# Brown Malt Q's



## Doc (6/5/04)

Has anyone used Brown malt before ? What is its flavour profile ? Or even is there a suitable subsititute for it (that I may already have in my inventory ) ? Wes ??

A bit of background, I'm gathering the ingredients to brew Denny Conn's Bourbon Vanilla Imperial Porter and he lists 0.75kg of brown malt.

BTW, ESB do list Brown malt from Thomas Fawcett.

Beers,
Doc


----------



## AndrewQLD (6/5/04)

Hi Doc,

Ive got about 5 kilo of brown malt that I ordered by mistake. After posting on several sites the majority of replies were "beware this malt leaves harsh flavors" beersmith says this"Imparts a dry, biscuit flavor. Used in nut brown ales, porters and some Belgian ales."

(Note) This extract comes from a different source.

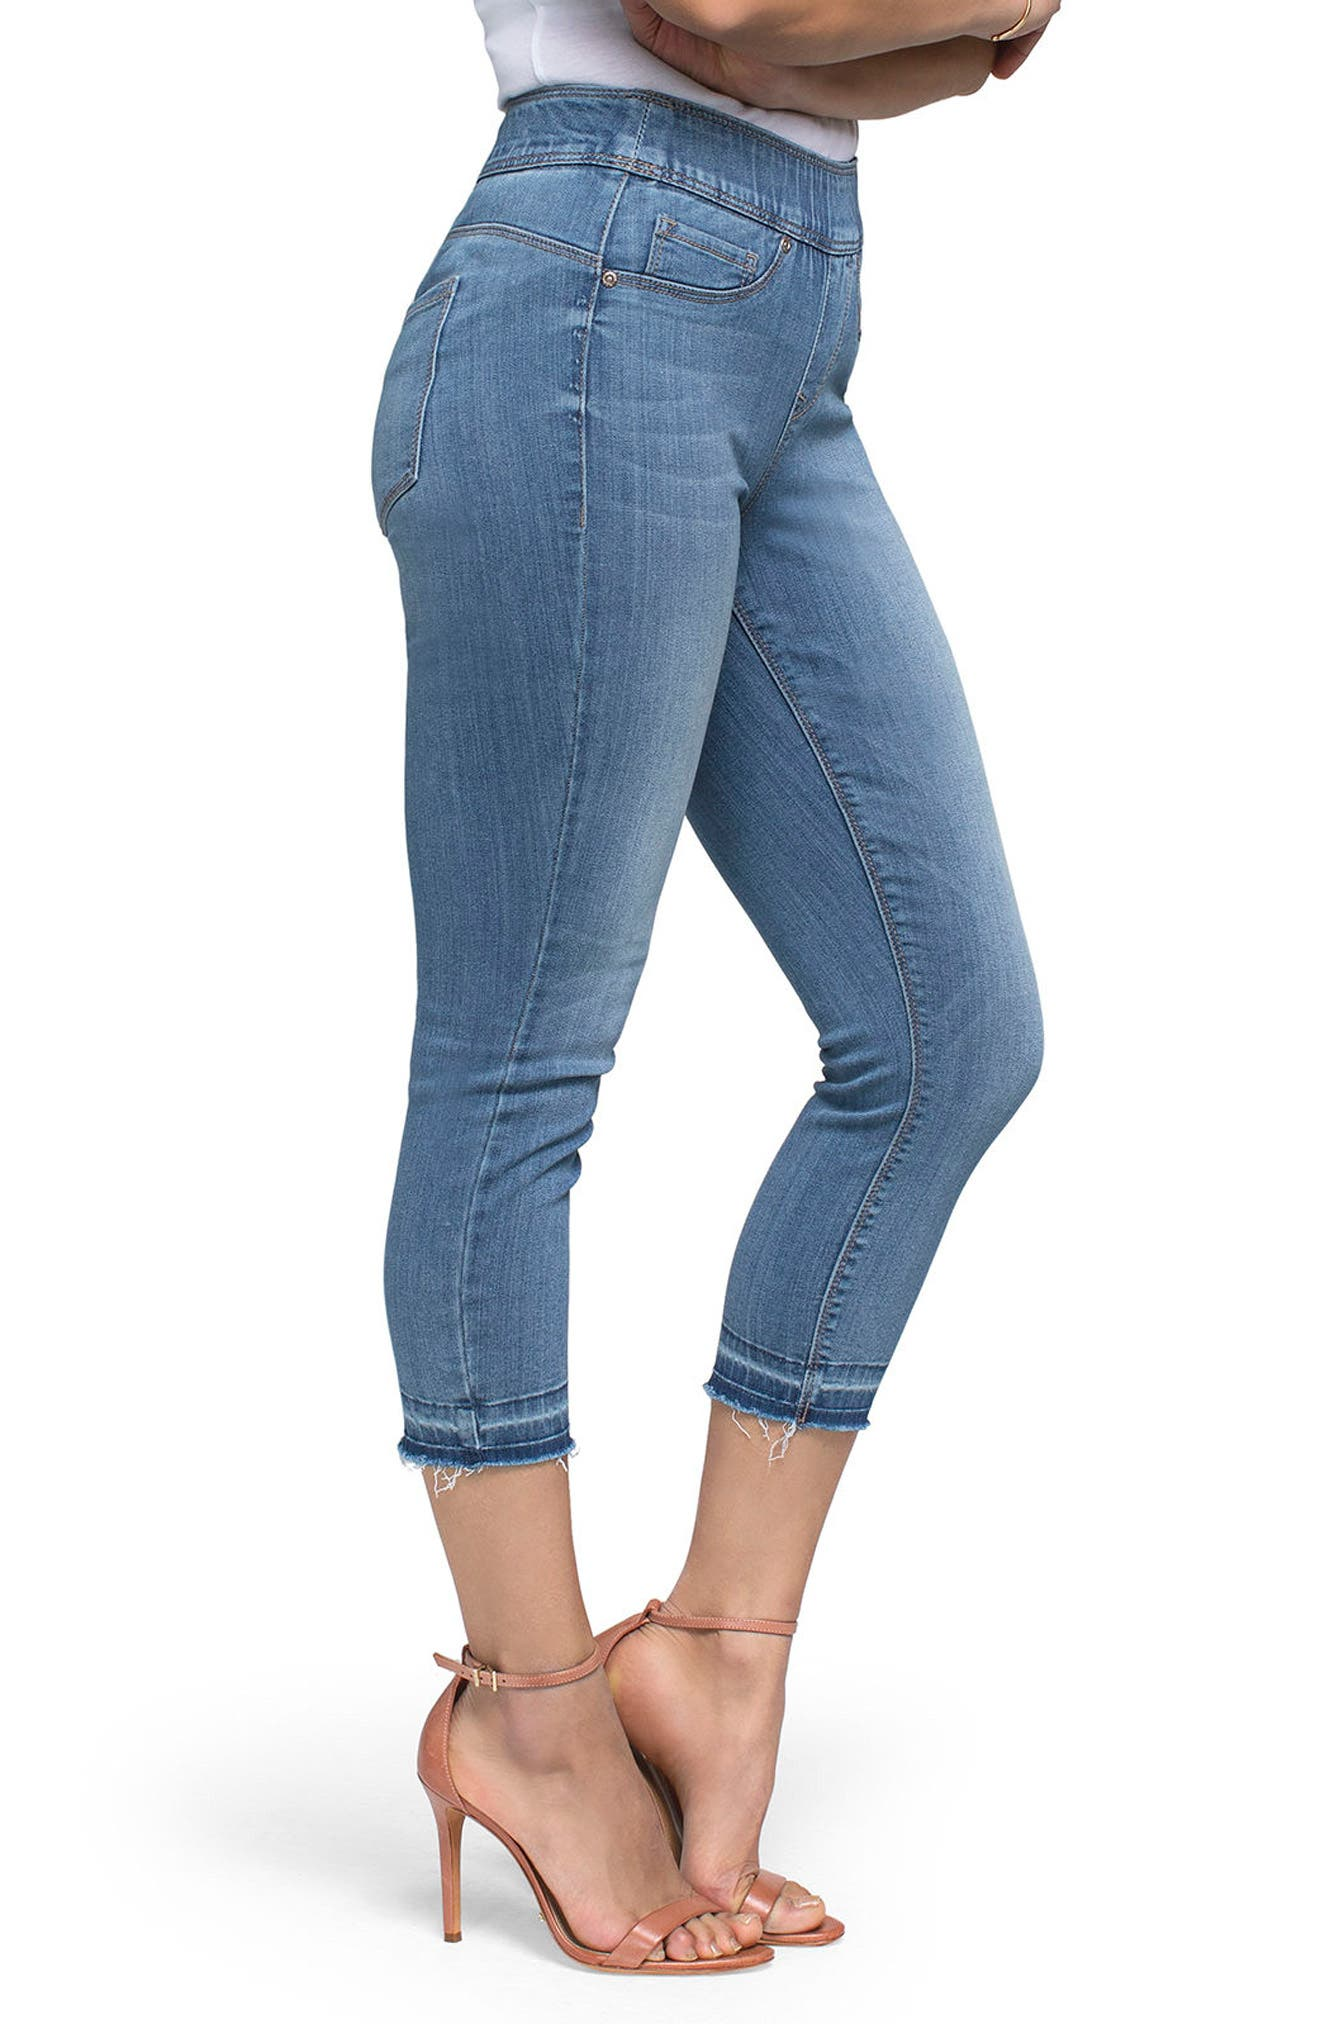 CURVES 360 BY NYDJ,                             NYDJ Release Hem Pull-On Crop Skinny Jeans,                             Alternate thumbnail 3, color,                             406

After going and typing all that up I think you had better IGNORE IT, the malt I have is AMBER MALT and beersmith says

"Roasted specialty malt used in some English browns, milds and old ales to add color and a biscuit taste. Intense flavor - so limit use. Low diastatic power so must be mashed with well modified malts."

I used 250g in an IPA and I can't say that I really noticed any harshness.

Sounds pretty similar so if you want a free sample PM me your postal details and I will send some.


----------